— Par Michèle Bigot —
Avec Catherine Germain
Le Off d’Avignon a déjà reçu naguère François Cervantès, avec un spectacle intitulé « Prison possession ». Il nous revient aujourd’hui avec Le Rouge éternel des coquelicots. Cette pièce est elle-même issue d’un spectacle plus large monté au théâtre du Merlan, Scène Nationale de Marseille, intitulé «L’épopée du grand Nord ». Il s’agissait d’une vaste fresque réunissant sur scène les témoignages des habitants des quartiers Nord de Marseille. Mais cette fois c’est une histoire, celle de Latifa Tir. Latifa est d’origine Chaouïa, ses parents sont arrivés à Marseille dans les années cinquante. Toute sa vie a pour cadre les quartiers Nord dont elle a vécu la construction et l’histoire.
La pièce est un monologue, écrit d’après les conversations que F. Cervantès a eues avec Latifa dans le quartier de la Busserine. Latifa y tient un snack depuis quarante ans, et voilà que « Habitat 13 » a décidé de démolir le snack pour moderniser l’endroit. Il s’agit donc d’une histoire vécue, et le personnage qui prononce le monologue est donc créé à partir d’une personne réelle. Le monologue raconte l’histoire familiale de Latifa, mais aussi l’histoire de tout le quartier dont elle est l’âme et son snack l’emblème. Toute la vie des quartiers Nord y trouve sa place, avec ses mères isolées, ses familles au chômage, ses trafics, ses peurs mais surtout son indestructible solidarité. Toute la population est là pour soutenir Latifa et empêcher la destruction de leur snack. C’est donc l’histoire d’une résistance collective à l’oppression d’une institution aveugle, l’exemple d’une désobéissance civique.
Pour autant, il ne s’agit pas d’un théâtre documentaire tel qu’on a pu le connaître chez des dramaturges comme Pommerat. Il y a là une véritable réécriture menée par F. Cervantès et c’est aussi elle qui assure le succès du spectacle. Une écriture très étonnante et novatrice sous ses allures modestes. Un véritable événement dans l’écriture. Le fondement en est un renversement des rôles traditionnels du factuel et du fictionnel. D’habitude, l’acteur interprète un rôle, un personnage de fiction. Ici c’est une personne réelle qui vient habiter le corps de l’actrice, comme un fantôme ou un djinn viendrait s’emparer d’un corps qu’il gouverne à sa guise. L’actrice n’est plus que la marionnette de Latifa. C’est Latifa elle-même qui parle par la bouche de Catherine Germain, du moins c’est l’illusion créée par l’écriture. Le mécanisme est saisissant, aussi troublant qu’efficace et on se laisse prendre et émouvoir par cette illusion comique. C’est du théâtre à l’état pur, alors que la scénographie ne s’encombre ni de lumière, ni de musique, ni de décor. Une femme seule en front de scène, une présence charnelle intense, sa gestuelle, ses expressions, la traduction scénique de la vie même. L’art suprême du naturel dont on sait que rien n’est plus difficile à obtenir sur le plateau.
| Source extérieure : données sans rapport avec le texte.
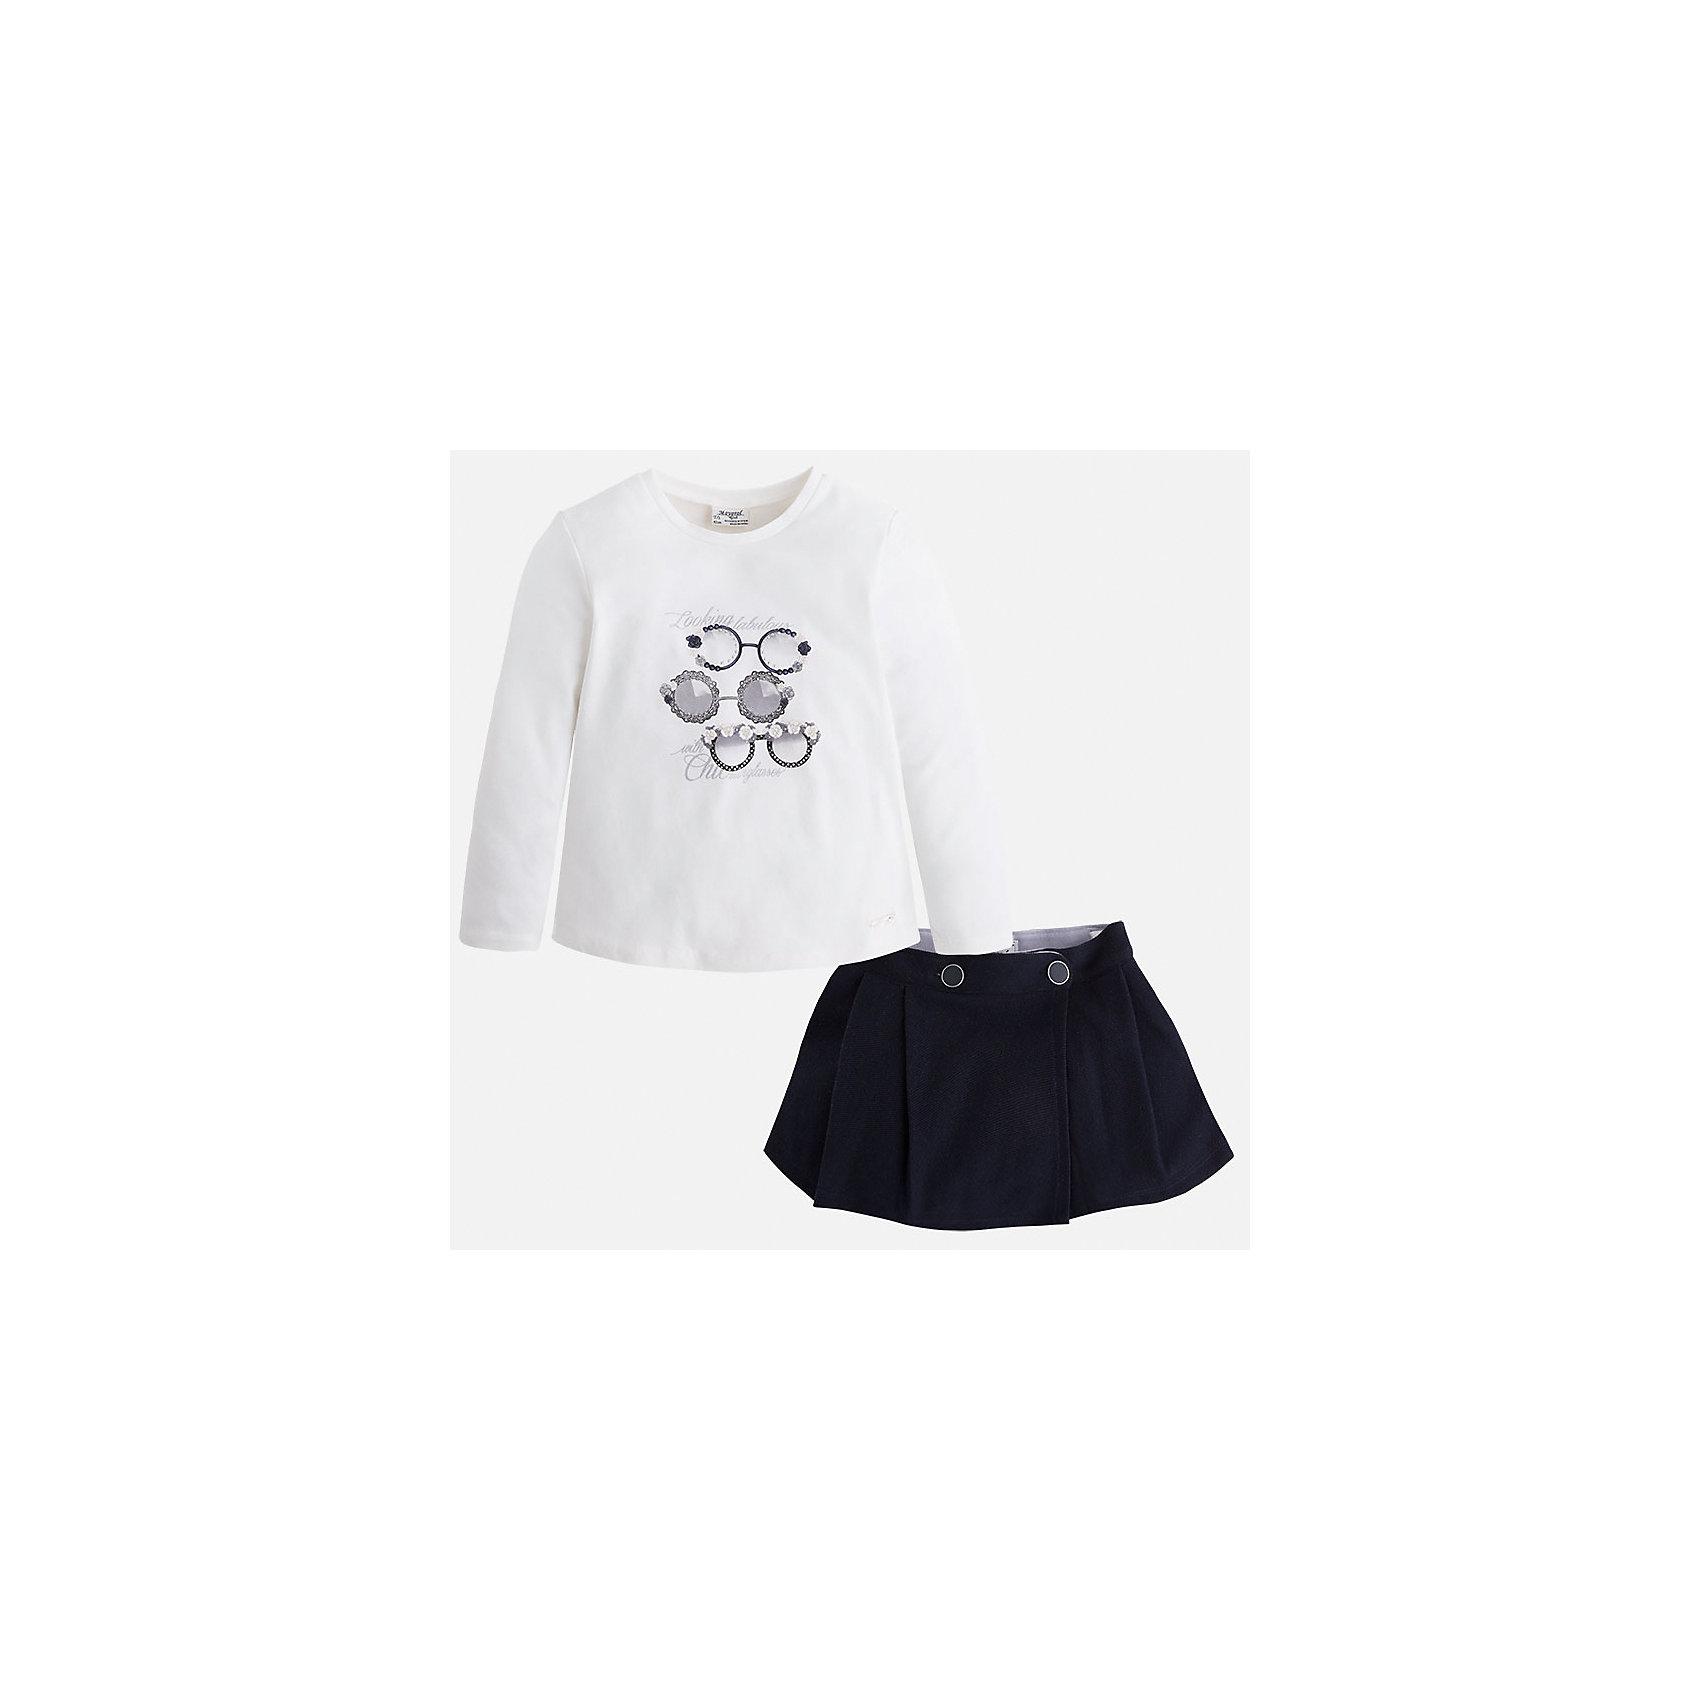 Комплект:футболка и юбка для девочки MayoralКомплекты<br>Комплект из топа и юбки от известного испанского бренда Mayoral(Майорал). Юбка с двумя застежками-пуговицами, топ легкого белого цвета с забавным принтом спереди. Изделия выполнены из качественных дышащих материалов. Прекрасный вариант для повседневной носки!<br>Дополнительная информация:<br>-длинные рукава<br>-застежки-пуговицы на юбке<br>-топ украшен оригинальным принтом<br>-цвет: темно-синий/белый<br>-состав. топ: 95% хлопок, 5% эластан. юбка: 100% полиэстер; подкладка: 65% полиэстер, 35% хлопок<br>Комплект из топа и юбки Mayoral(Майорал) вы можете приобрести в нашем интернет-магазине.<br><br>Ширина мм: 207<br>Глубина мм: 10<br>Высота мм: 189<br>Вес г: 183<br>Цвет: синий<br>Возраст от месяцев: 60<br>Возраст до месяцев: 72<br>Пол: Женский<br>Возраст: Детский<br>Размер: 116,110,104,134,98,122,128<br>SKU: 4844640

Un texte et une interprétation reposant sur la seule force du verbe, de sa diction, sur l’authenticité d’une émotion et l’épaisseur d’un vécu. Latifa, c’est simple, on l’aime ! ça semble si facile, et c’est le fruit d’un tel travail ! Là où d’autres s’évertuent et se triturent l’écriture pour faire du théâtre populaire, François Cervantès réussit à tous les coups à la faveur d’une intelligence et d’une générosité qui forcent l’admiration.